Nearest to this is that of Tables III. and IV., which form a single document; then that of I. (a) and (b); earliest would seem that of II. (a) and II. (b). In II. a, 18 and 24, we have the archaic letter san (M = s) of the abecedaria (E. S. Roberts, Int. Gr. Epig. pp. 17 ff.), which appears in no other Italic nor in any Chalcidian inscription, though it survived longer in Etruscan and Venetic use. Against this may be set the use of ⵙ for t in I. b 1, but this appears also in IV. 20 and should be called rather Etruscan than archaic. These characteristics of II. a and b would be in themselves too slight to prove an earlier date, but they have perhaps some weight as confirming the evidence of the language.
(b) Changes in Language.—The evidence of date derived from changes in the language is more difficult to formulate, and the inquiry calls for the most diligent use of scientific method and critical judgment. Its intricacy lies in the character of the documents before us—religious formularies consisting partly of matter established in usage long before they were written down in their present shape, partly of additions made at the time of writing. The best example of this is furnished by the expansion and modernisation of the subject-matter of Table I. into Tables VI. and VII. a. Hence we frequently meet with forms which had passed out of the language that was spoken at the time they were engraved, side by side with their equivalents in that language. We may distinguish four periods, as follows:
1. The first period is represented, not by any complete table, but by the old unmodernised forms of Tables III. and IV., which show the original guttural plosives unpalatalized, e.g. kebu = Lat. cibum.
2. In the second period the gutturals have been palatalized, but there yet is no change of final s to r. This is represented by the rest of III. and IV. and by II. (a and b).
3. In the third period final s has everywhere become r. This appears in V. (i. and ii. and also iii.). Table I. is a copy or redraft made from older documents during this period. This is shown by the occasional appearance of r instead of final s.
4. Soon after the dialect had reached its latest form, the Latin alphabet was adopted. Tables VI. and VII. a contain an expanded form of the same liturgical direction as Table I.
It is probable that further research will amend this classification in detail, but its main lines are generally accepted.
(II.) Actual Date of the Tables.—Only the leading points can be mentioned here.
(i.) The Latin alphabet of the latest Tables resembles that of the Tabula Bantina, and might have been engraved at almost any time between 150 B.C. and 50 B.C. It is quite likely that the closer relations with Rome, which began after the Social War, led to the adoption of the Latin alphabet. Hence we should infer that the Tables in Umbrian alphabet were at all events older than 90 B.C.

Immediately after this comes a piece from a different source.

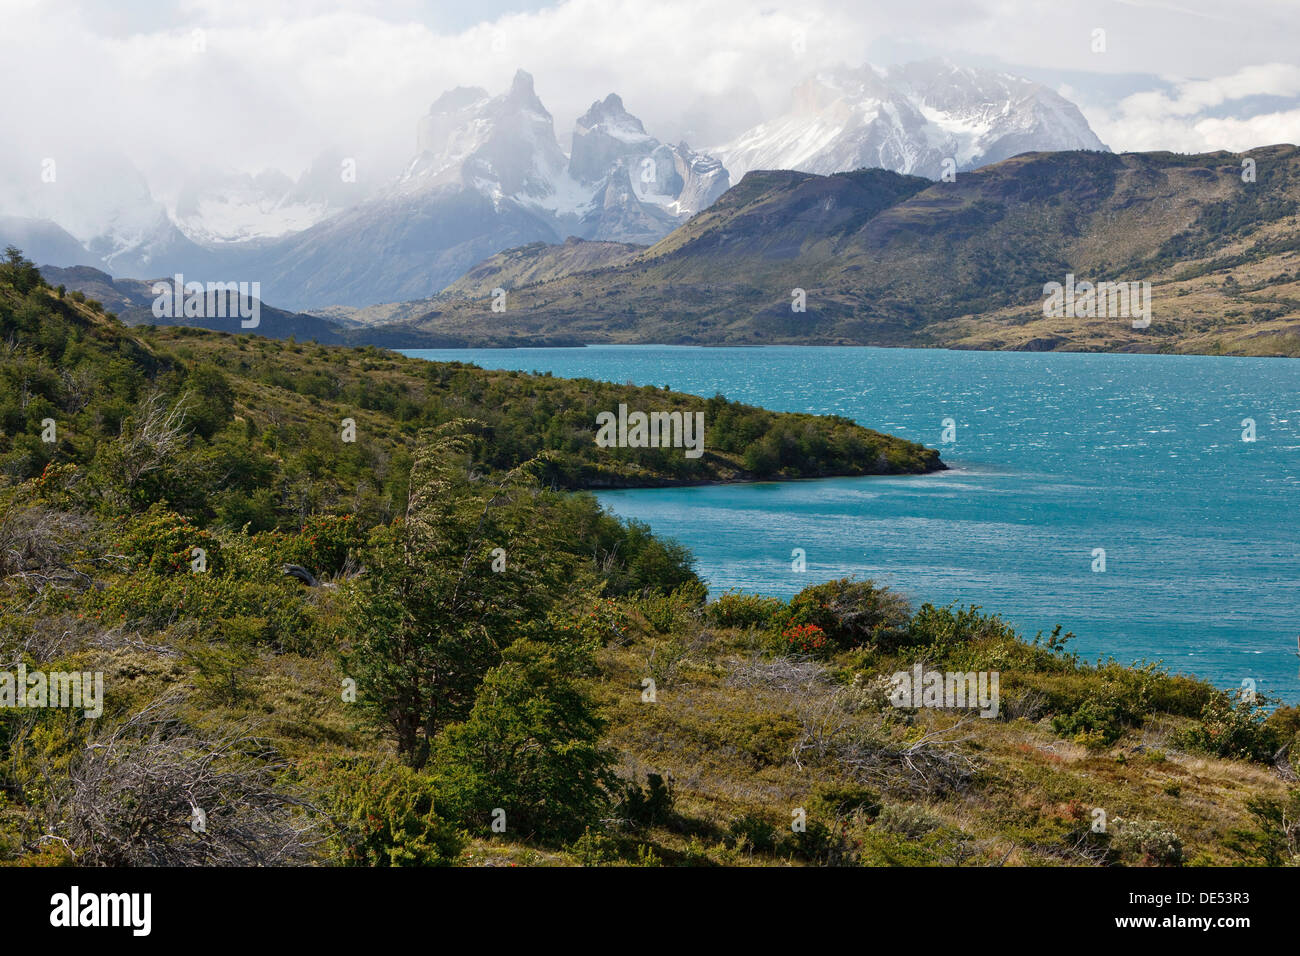 View of the granite mountain Cuernos del Paine in the Torres del Paine National Park on the shore of the glacial lake Lago del Stock Photo

(ii.) For an upper limit of date, in default of definite evidence, it seems imprudent to go back beyond the 5th century B.C., since neither in Rome nor Campania have we any evidence of public written documents of any earlier century. When more is known of the earliest Etruscan inscriptions it may become possible to date the Iguvine Tables by their alphabetic peculiarities as compared with their mother-alphabet, the Etruscan. The “Tuscan name” is denounced in the comprehensive curse of Table VI. b, 53-60, and we may infer that the town of Iguvium was independent but in fear of the Etruscans at the time when the curse was first composed. The absence of all mention of either Gauls or Romans seems to prove that this time was at least earlier than 400 B.C.; and the curse may have been composed long before it was written down.
The chief sources in which further information may be sought have been already mentioned. (R. S. C.)
- ↑ A portion of this article is taken by permission from R. S. Conway’s Italic Dialects (Camb. Univ. Press, 1897).